Gyrodactylus molweni sp. n. is differentiated from other Gyrodactylus species infecting mullets by its large ventral bar processes (Fig. 1A and C) and the morphology of the marginal hook sickle (Fig. 3A–H). No molecular sequence data exist for any of the Gyrodactylus species populations previously reported from grey mullets (Table 1). Consequently, a BlastN search (Zhang et al., 2000) using the 931 bp sequence covering ITS1, 5.8S and ITS2 clearly discriminated G. molweni sp. n. from all other Gyrodactylus species for which complimentary sequence data exist in GenBank with closest affinity to G. nipponensis (96.56%, 899/931 bp query cover 100%). The description of G. molweni sp. n. as a new species is therefore well supported by both the molecular and morphological analyses presented herein.
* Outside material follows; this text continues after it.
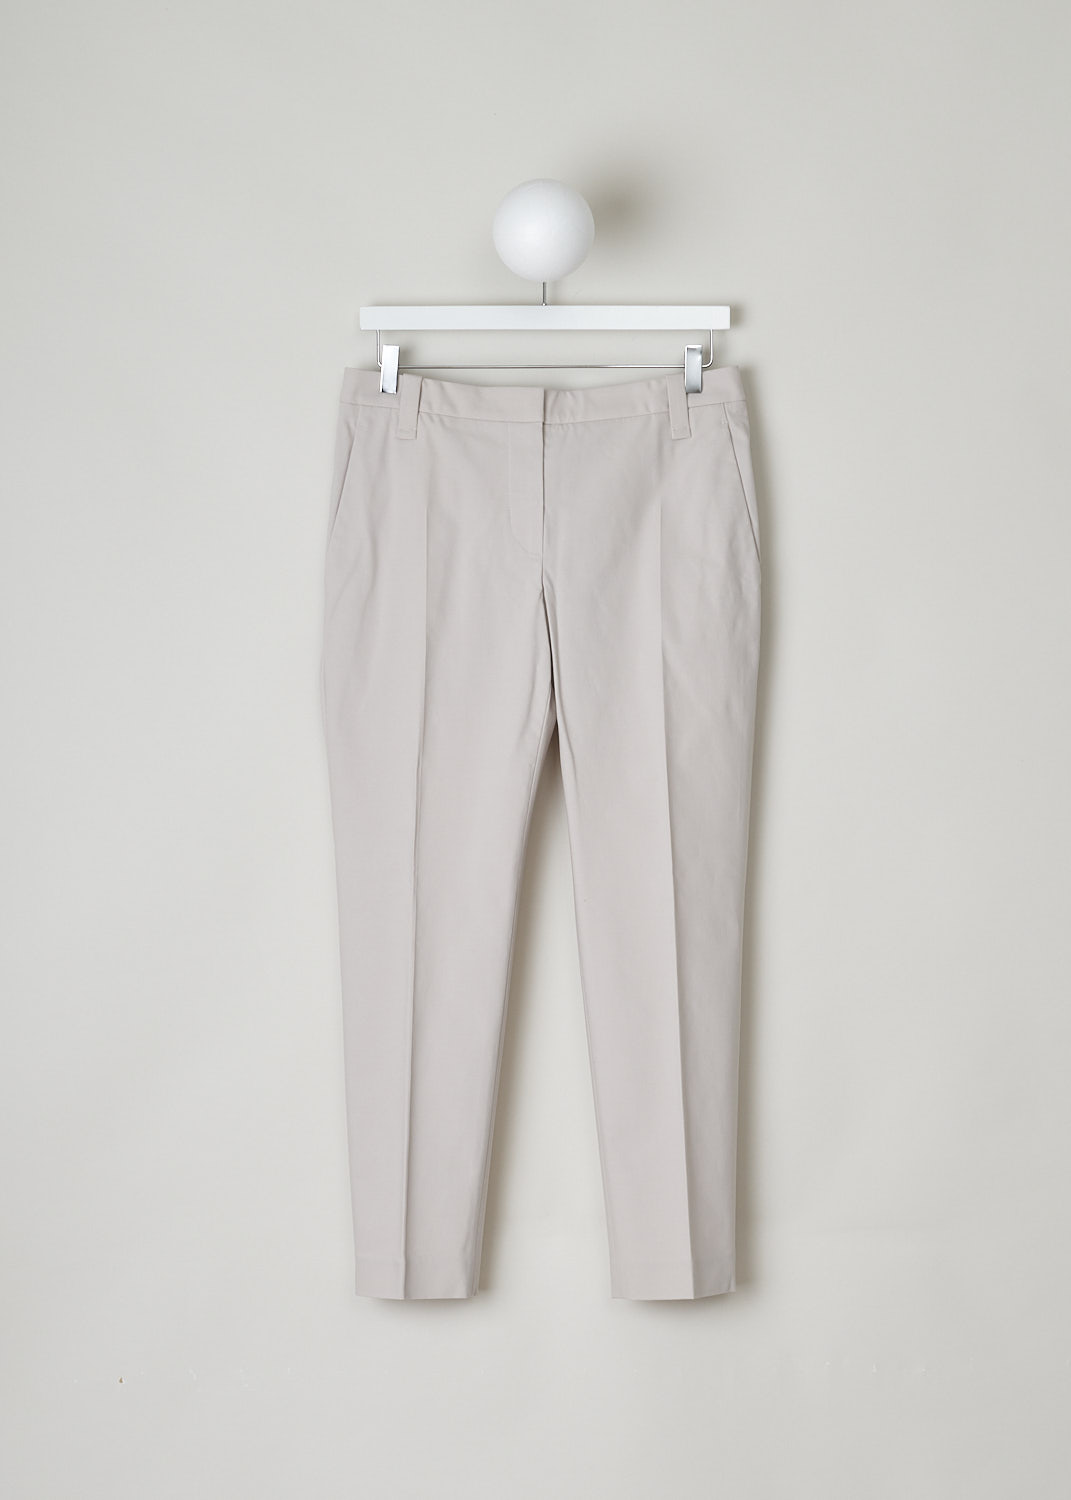 BRUNELLO CUCINELLI, BEIGE MID-RISE PANTS, M0F70P1995_C2837, Beige, Front, These beige mid-rise pants have a waistband with belt loops and a concealed clasp and zip closure. In the front, these pants have slanted pockets. In the back, two welt pocket can be found. Centre creases run along the length of the tapered leg.

Declaration of competing interest

I attest that the above mentioned manuscript has not been published elsewhere, accepted for publication elsewhere or under editorial review for publication elsewhere. This manuscript has been read and approved for submission by all authors.

This research did not receive any specific grant from funding agencies in the public, commercial, or not-for-profit sectors.